S. Tom Morris, Amarillo, Tex., for appellee.

Before HUTCHESON, Chief Judge, and TUTTLE and WISDOM, Circuit Judges.

TUTTLE, Circuit Judge.

This is an appeal from a judgment of the trial court finding the Graham Patent No. 2,627,798, "Clamp for Vibrating Shank Plows" valid but not infringed. There is no cross appeal by appellee from the finding of validity of the patent, but appellee contends this issue is still open for review under our recent decision in Guiberson Corp. v. Equipment Engineers, Inc., 5 Cir., 252 F.2d 431.

This patent is not a stranger to this Court, it having been the subject of an opinion in which we reversed the trial court's finding that it was invalid. Jeoffroy Mfg. Co., Inc., v. Graham, 5 Cir., 219 F.2d 511. It is also the subject of another decision which comes up on a citation by Graham for contempt of the trial court's injunction against infringement by Jeoffroy Mfg., Inc., in a case decided simultaneously herewith, 5 Cir., 256 F.2d 360. We think it unnecessary, therefore, to make a detailed description of the patent except as it is germane to our discussion of the alleged infringement.

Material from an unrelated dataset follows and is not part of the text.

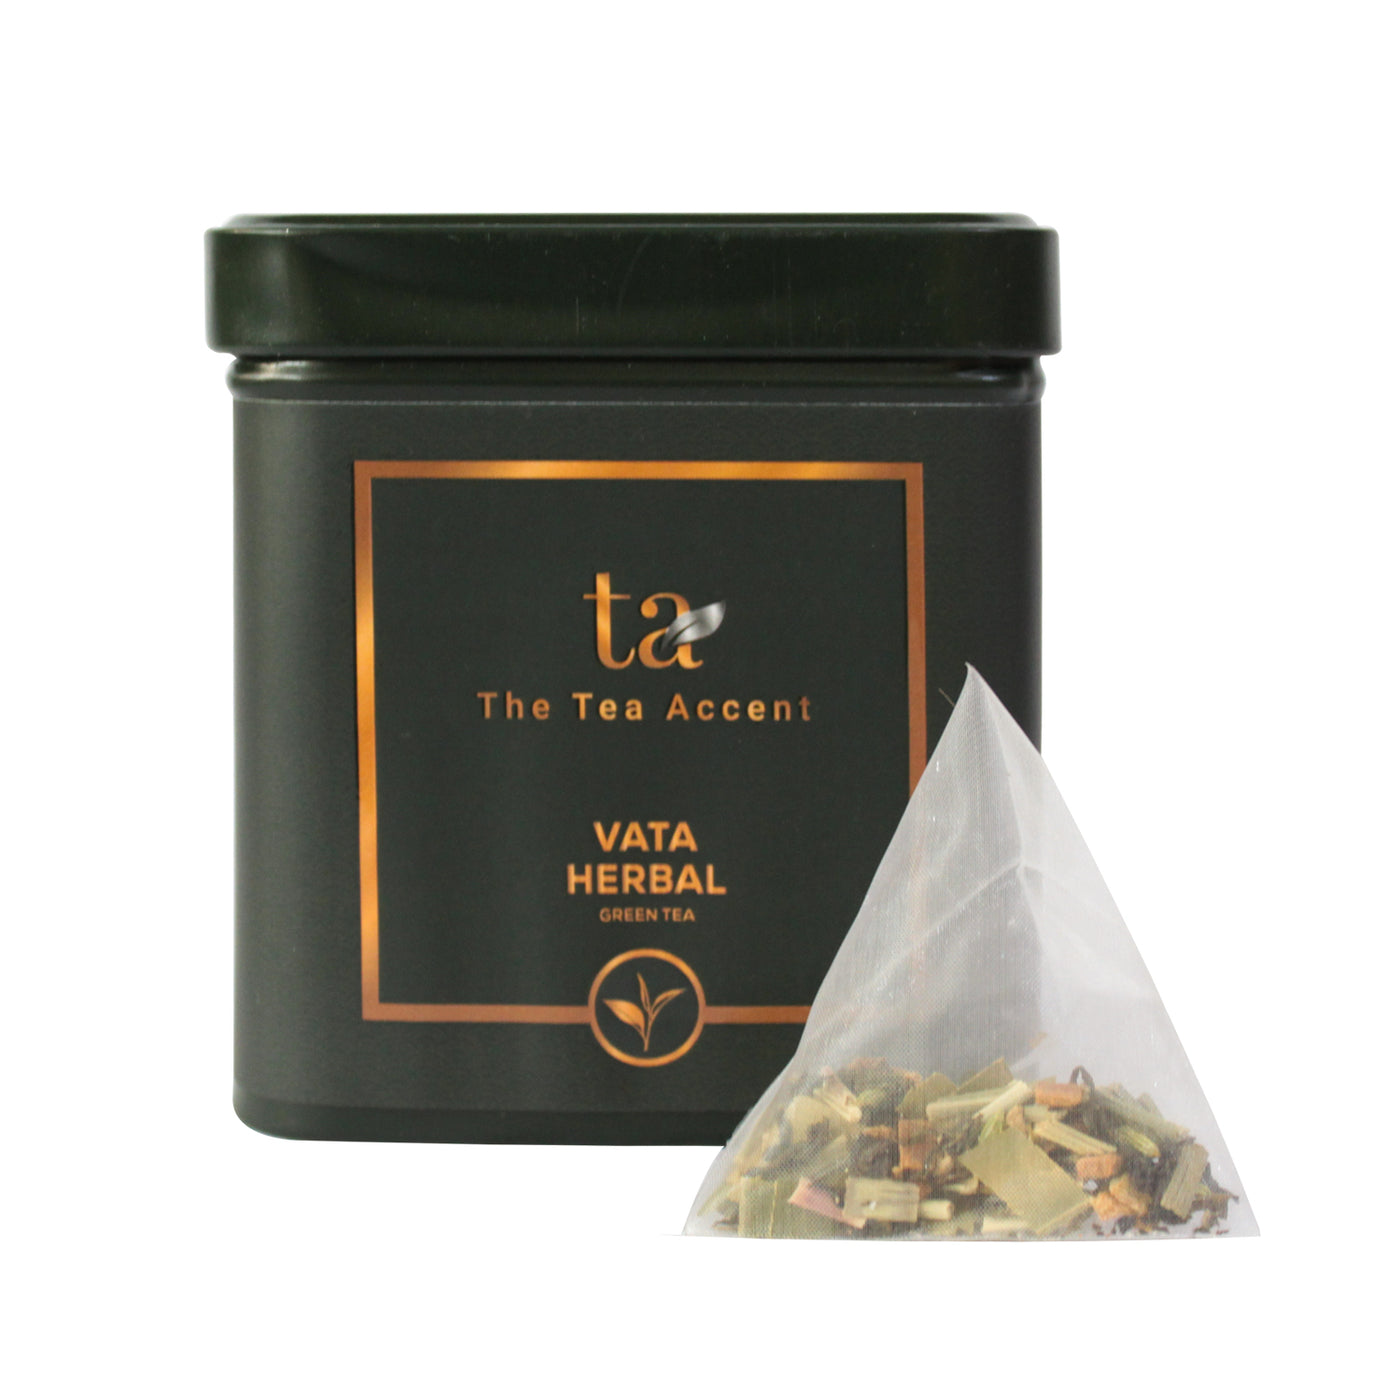 Vata Herbal Tea

We agree with appellee that this Court still has the power to change its position as to the validity of the Graham patent No. 2,627,798, even though we have previously held it valid, because the alleged infringer here is a different party and is not bound either by res judicata or estoppel by judgment. We also agree that this question is open to us on appeal, even though no cross appeal was taken from the Court's judgment in favor of validity. See Guiberson Corp. v. Equipment Engineers, Inc., supra. We conclude, however, after careful consideration, that our decision previously made as to the validity of this patent should stand. We, therefore, turn to the question of infringement. In upholding the validity of this patent we said:

"* * * Though we do agree that 798, as an improvement combination, is not entitled to any broad degree of protection over 811, it still seems to us that its hybrid type structure combining the wear-resisting rotating pivot, in part reminiscent of the prior art, with the new shank and stirrup arrangement permitting some of that same advantageous flexibility inherent in the old 811 structure, reveals sufficient indicia of novelty and invention to justify limited protection * * *" Jeoffroy Mfg. Co. v. Graham, 219 F.2d 511, 518, 519.

Thus, we indicated that being a combination patent in a crowded art, the patent would likely not have wide application.

In essence the patent, relating to a ground-working tool designed with springs to make possible the operation of the plow over rocky ground because of ability of the chisel end of the tool to rise over the rocks it encounters, embodies the combination of elements that permit the shanks of the plows upon striking obstructions, to rise and flex within permissible range of movement.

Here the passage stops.